Cant wait til the finish product, then u'll tell urself it was def. worth it!


----------



## jmax611 (Aug 6, 2006)

what are the dimensions?


----------



## Leasure1 (Jul 24, 2006)

did you use pavers or tiles as a background???


----------



## pirayaman (Nov 3, 2007)

Nick g said:


> wow dude, thats gonna be awesome
> cant wait to see it once its all set-up.
> how are you bracing the floor?
> where are the fish now, is someone holding them for you or something?
> what do you mean by oak leaves?


im putting in more joices and x configuration to transfer load from one beam to another

then im putting in doubled up 2/6s in 4 to 6 different spots i severly overkilled the stand its tripled up 2/6s for longs and wides also has 6 different legs then it sits on 2/6 at 33 inchs long to distribute the weight evenly across 3 floor beams if you spit up 4000 pds onto 6 legs thats great but if your legs have a small foot print thats alot of weight per square inch so if your legs have a 3 foot foot print well thats a lot less weight per square inch 
oak leaves from a tree are going in with my flourite serves many benifits as i can tell turns water that nice amazon color lowers ph and will break down giving my plants a replenishing suppy of nutients

the ds are stand is 33 inches high ends at 33 inches wide and ends at 80 inchs long now to make sence of this i must again tell you that i tripled up 2/6 plus the legs sit outside the frame so that gives it this monsterious dementions the inside ds are 21 wide 68 i think long id have to crawl inside this thing to tell you and i aready spent to much time in this cage to be healthy hahahaha
tank itself is 72 1/2 long by 24 1/2 wide for somereason i thought it was 25 inchs whatever

the backround is slate from a roof cut to size useind a wet saw complete do it your self guide in diy since i took pictures on every step

ok i think thats every body thanks for the good responces really appericated


----------



## Christopher666 (Nov 1, 2007)

You lucky bastard. :| have fun with that.

Haha.
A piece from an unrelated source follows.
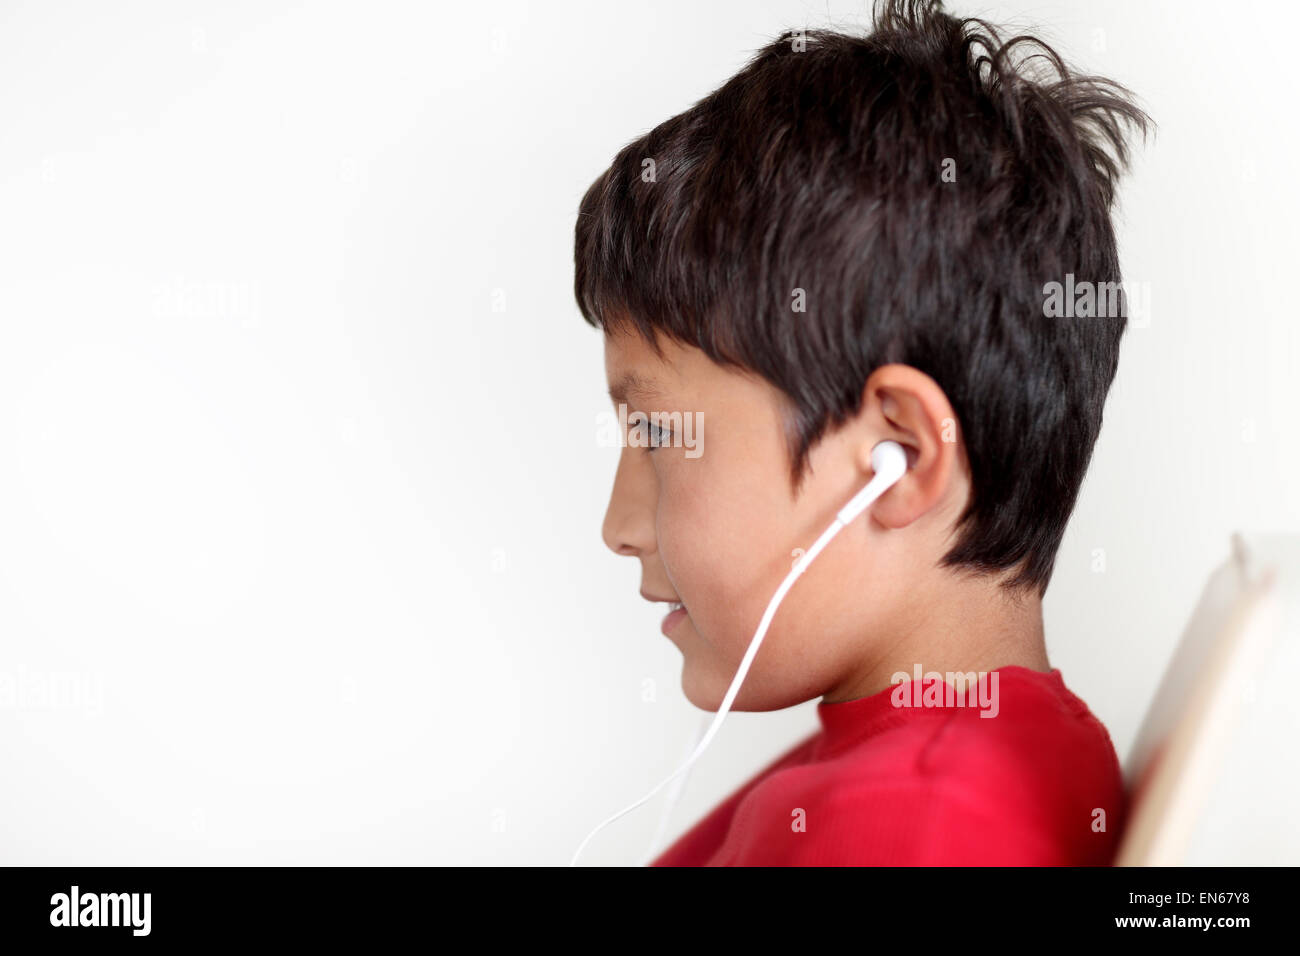 Profil de jeune garçon avec écouteurs sur fond clair Banque D'Images
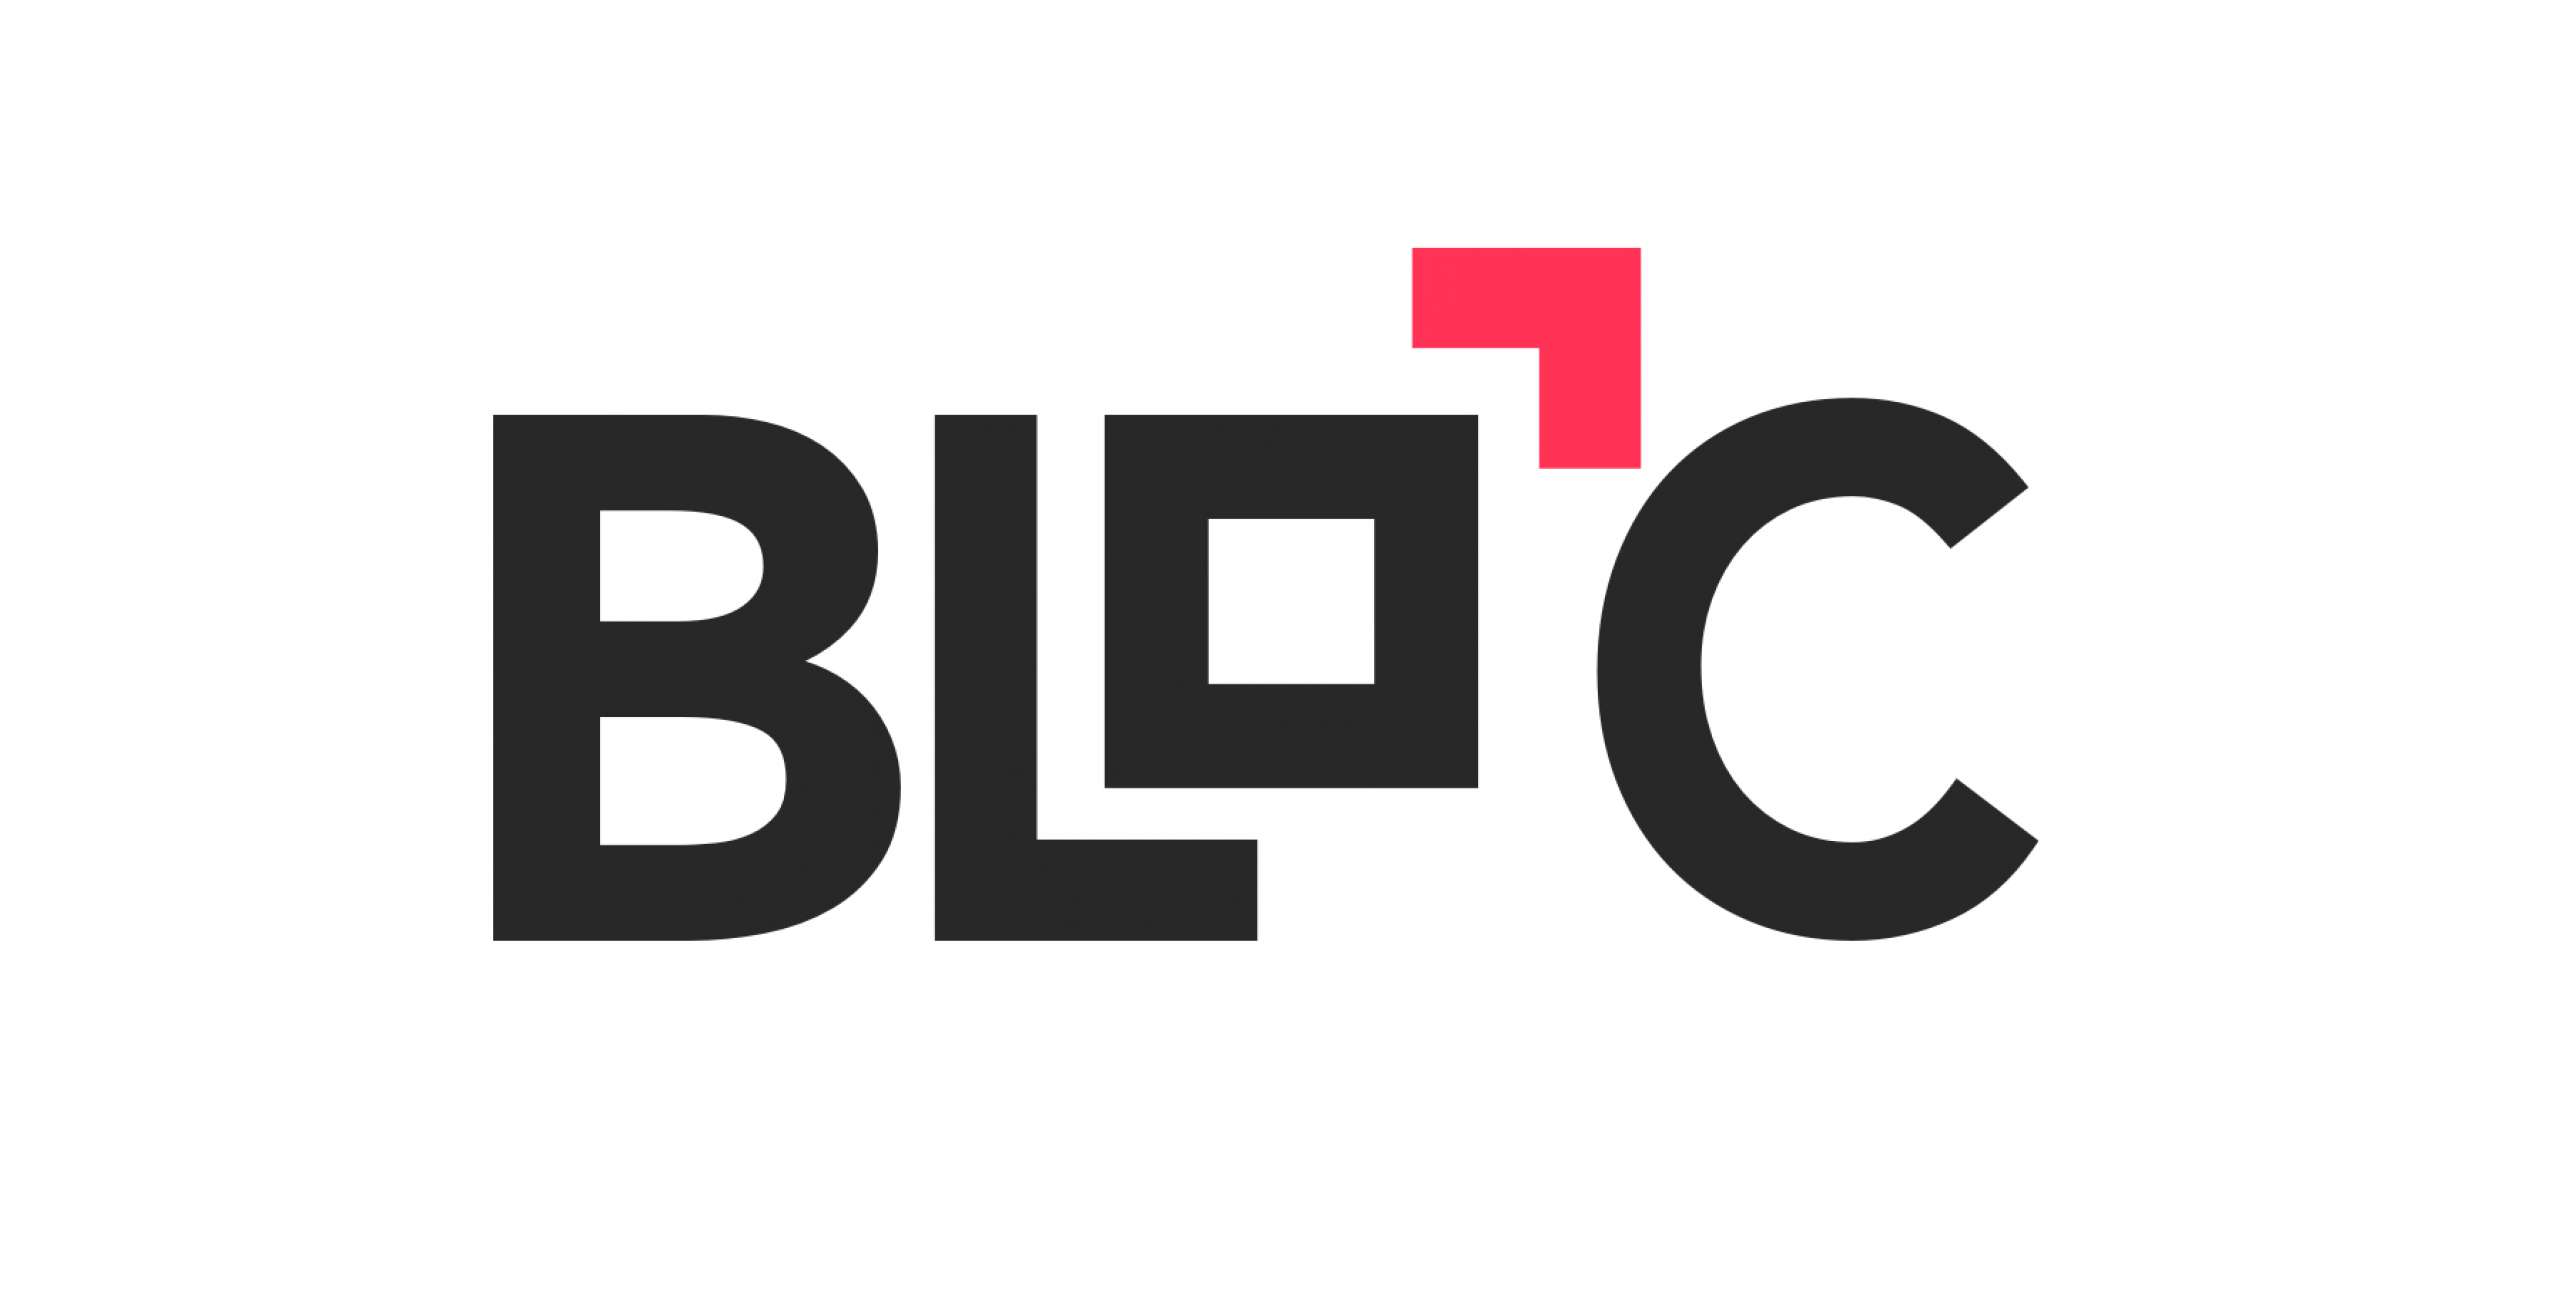 BLOC logo

Srsly, good job on that. It looks great and hopefully it'll work out well for you. Can't wait to see the final pics.


----------



## Dezboy (Apr 2, 2006)

that looks very very good PM............................
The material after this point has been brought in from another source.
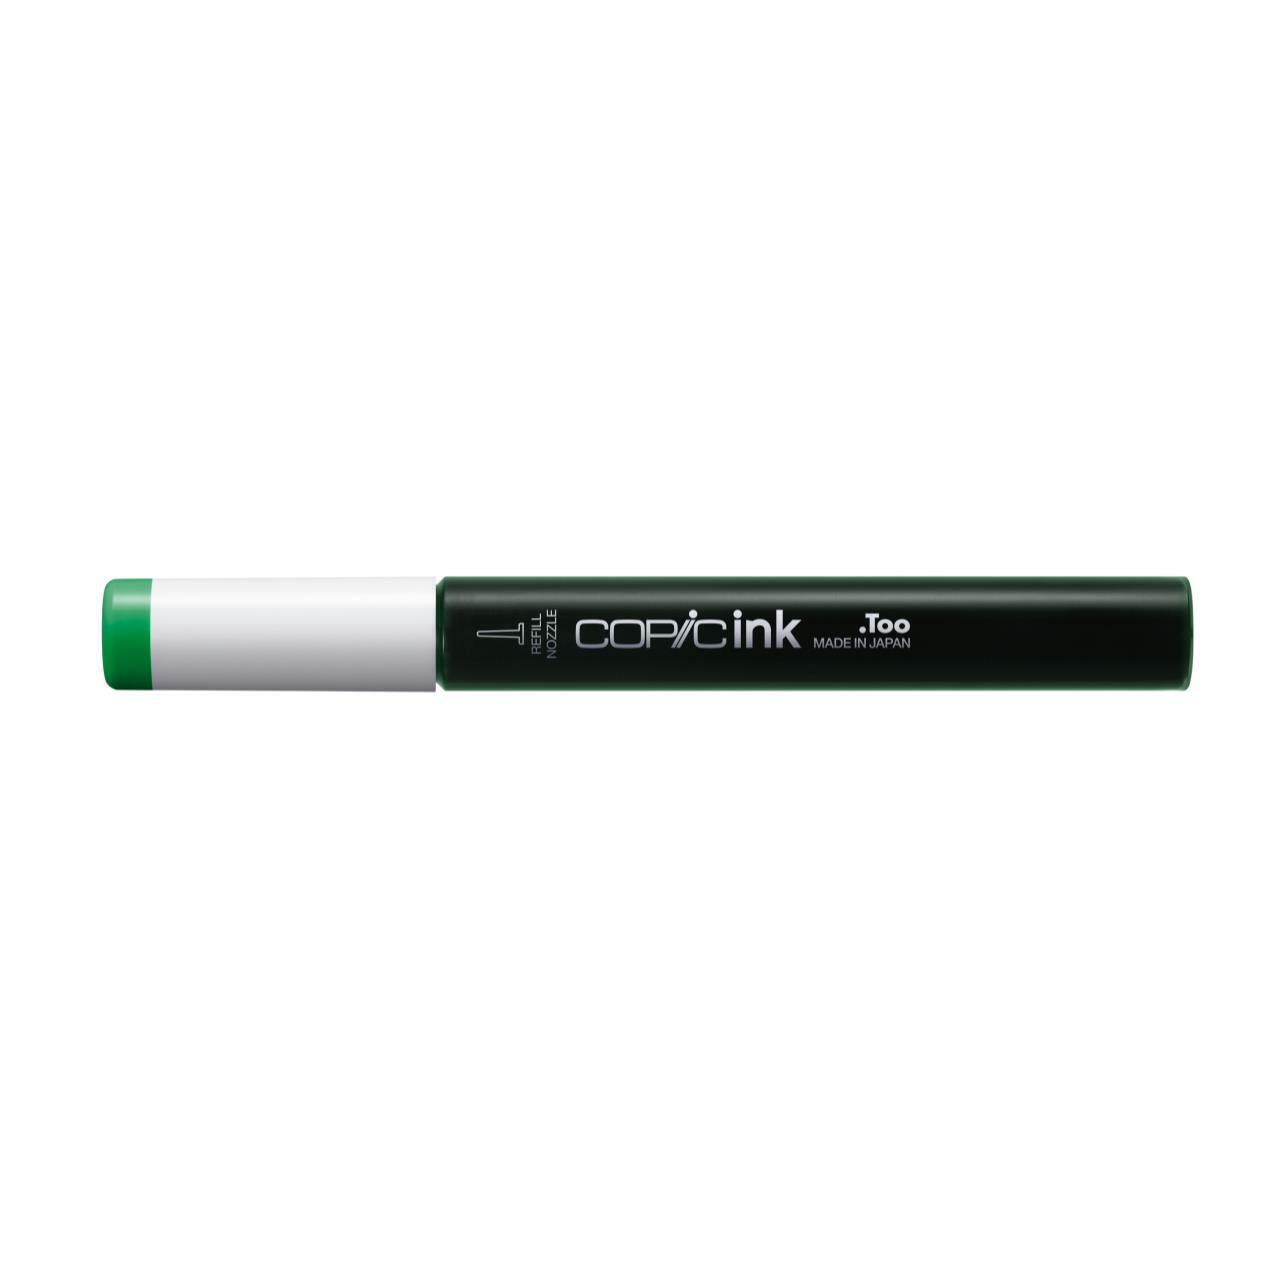 Заправка для маркеров COPIC 12 мл цв. G05 зеленый изумрудный заправка для маркеров copic 12 мл цв t4 оттенок серого 4

looking forward to seeing it full up witrh fish in etc etc..................

Nice work


----------



## orioner00 (Dec 18, 2007)

nice love the background bro


----------



## pirayaman (Nov 3, 2007)




----------



## notaverage (Sep 10, 2005)

This is the same tank?
What happened to the slate background?


----------



## bigshawn (Dec 29, 2005)

Very nice, all large tanks empty you wallet a little







...............


----------



## ICEE (Feb 3, 2007)

what happened to the slate background


----------



## Piranha Dan (Nov 11, 2007)

Wow, that came out nice! Guess the slate didn't work out for you huh? Too bad. Still a great tank though. I wasn't sure how that 2x4 'forest' you were making in there would come out, but it looks cool, almost like old dock pilings or something.


----------



## Dawgz (Aug 18, 2005)

im impressed, nice work!


----------



## pcrose (Mar 9, 2003)

very nice setup I with my boyfriend had a 300 gallon tank it was almost 6ft long. It is a lot of upkeep and we ended up selling it afterwhile because it is expensive to maintain. Nice Job


----------



## RBP7 (Oct 13, 2006)

wlcome to the 200 club!! very nice tank! how tall is it? and why is the water all green? is that the oak leaves?


----------